Covariates included perceived susceptibility and self-efficacy given their known relationships with prevention behavior [2]. Following Tabachnick and Fidell [37], we selected covariates based on their evidence-based substantial association with the dependent variable, prioritizing those with the strongest relationships to maximize statistical power and avoid redundancy when they were correlated with other independent variables.
Awareness of consequences.
Awareness of the consequences of mask wearing was measured with a slider from 0 (“none” or 0%) to 100 (“completely” or 100%). Two items were used including “I am less likely to spread COVID-19 to others if I wear (or continue to) a mask in public” [5].
Perceived severity.
Perceived severity about COVID-19 was measured with a slider from 0 (“none”) to 100 (“completely”). Two items were used including “COVID-19 is a serious health threat” [2].
Moral norms.
Moral norms were measured with a 7-point Likert scale (from 1 = strongly agree to 7 = strongly disagree; later reverse coded). Three items were used including “I believe that wearing a mask in public is the right thing to do” [38].
Anticipated guilt.
Anticipated guilt was measured with a slider from 0 (“none” or 0%) to 100 (“completely,” or 100%) and 7-point Likert scale. Two items were used including “I would feel guilty if... I went out in public without a mask” [39].
Collective orientation.
Collective orientation was measured with a 7-point Likert scale (from 1 = strongly agree to 7 = strongly disagree). Five items were used, including “I would do what would help people around me, even if I didn’t like doing it” [28,33].
Prosocial prevention behavior.
Participants were asked to indicate the extent to which they would wear a mask with different rating scales such as a slide from 0 (“none” or 0%) to 100 (“completely” or 100%). Four items were used such as “wear a mask when I am out” [40].
Analyses
To test the hypotheses, we first examined bivariate correlations among all variables in our theoretical model (Table 2). Next, we conducted a series of regressions using SPSS Version 23 with the purpose of assessing the ability of the independent variable and each mediator to predict mask wearing, controlling for demographics, perceived susceptibility, and self-efficacy.
Results
A simple regression was performed to test hypothesis 1. The regression analysis revealed that the model significantly predicted moral norms, F(1, 8776) = 8096.12, p < .001, R2 = .69. Awareness of consequences was found to be positively related to moral norms, B = .04, SE = .00, p < .001. This indicates that an increase in awareness of consequences was associated with an increase in perceived moral norms, which was consistent with hypothesis 1.

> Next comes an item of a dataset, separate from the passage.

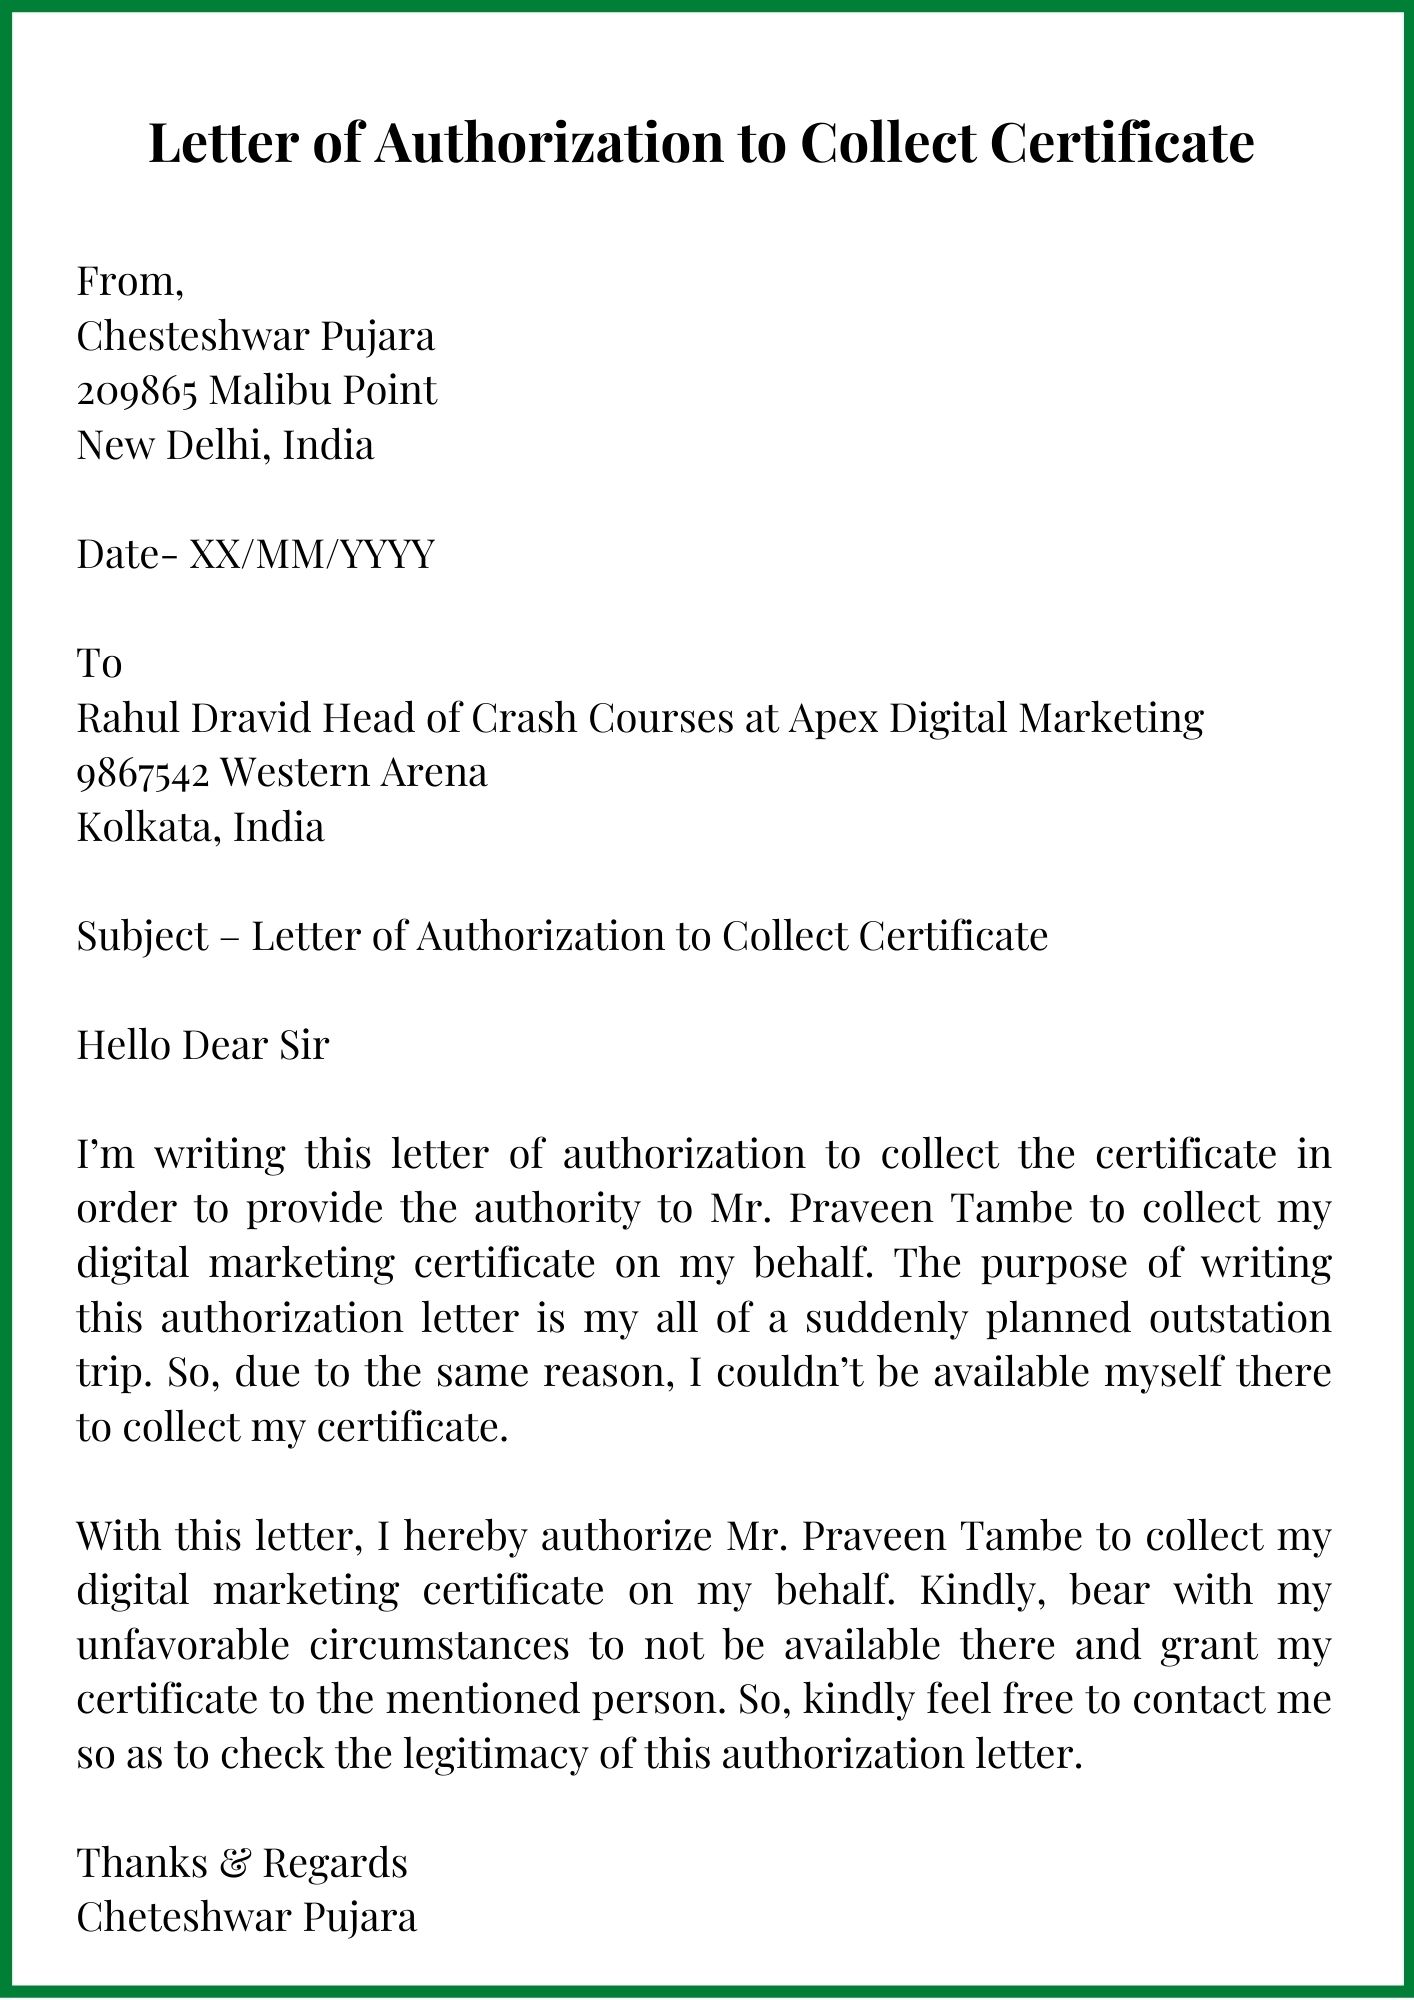 Sample Letter Of Authorization To Collect Certificate Authorization 9507

A multiple regression was conducted to test hypothesis 2. The regression analysis showed that the model significantly predicted mask wearing behaviors, F(3, 8774) = 2152.13, p < .001, R2 = .65. While controlling covariates (i.e., perceived susceptibility and self-efficacy), the association between moral norms and mask wearing behaviors was statistically significant, B = 6.24, SE = .20, p < .001. That is, when individuals perceived stronger moral norms, they were more likely to wear masks. Therefore, the data were consistent with hypothesis 2.
To test hypothesis 3, SPSS PROCESS was used (Model 1) [41]. The model significantly predicted mask wearing behaviors, F(5, 8772) = 1311.17, p < .001, R2 = .43. While holding the covariates constant, the main associations between awareness of consequences (B = .33, SE = .02, p < .001) and mask wearing behaviors, and between perceive severity (B = .34, SE = .01, p < .001) and mask wearing behaviors were both statistically significant. As predicted, the interaction term (awareness of consequences and perceived severity) was also found to be statistically significant (Tables 4 and 5). Mask wearing was at its highest when perceived severity was high and awareness of consequences was high, B = -.001, SE = .0003, p < .001 (Fig 2). Therefore, the data were consistent with hypothesis 3.
To test hypothesis 4, SPSS PROCESS was used (Model 1) [41]. The model significantly predicted moral norms, F(3, 8697) = 3393.06, p < .001, R2 = .54. The main associations between awareness of consequences and moral norms (B = .05, SE = .001, p < .001), and between perceived severity and moral norms (B = .04, SE = .001, p < .001) were statistically significant. The interaction effect of awareness of consequences and perceived severity was statistically significant (Tables 4 and 5); moral norms were highest when perceived severity was high and awareness of consequence was high, B = -.0003, SE = .000, p < .001 (Fig 3). Thus, the data were consistent with hypothesis 4.
To test hypothesis 5 and 6, SPSS PROCESS was again used (Model 7) [41]. The moderated mediation model significantly predicted mask wearing, F(5, 8695) = 1175.27, p < .001, R2 = .40. The main association between moral norms and anticipated guilt was statistically significant, B = .45, SE = .04, p < .001, while controlling covariates. The main association between moral norms and mask wearing behaviors was also statistically significant, B = 5.24, SE = .23, p < .001, as well as the effect of anticipated guilt on mask wearing behaviors, B = 1.62, SE = .16, p < .001 (Table 6). Regardless of the level of collective orientation, the indirect effect of moral norms on mask wearing behaviors via anticipated guilt was statistically significant (Table 7). Therefore, the data were consistent with hypothesis 5.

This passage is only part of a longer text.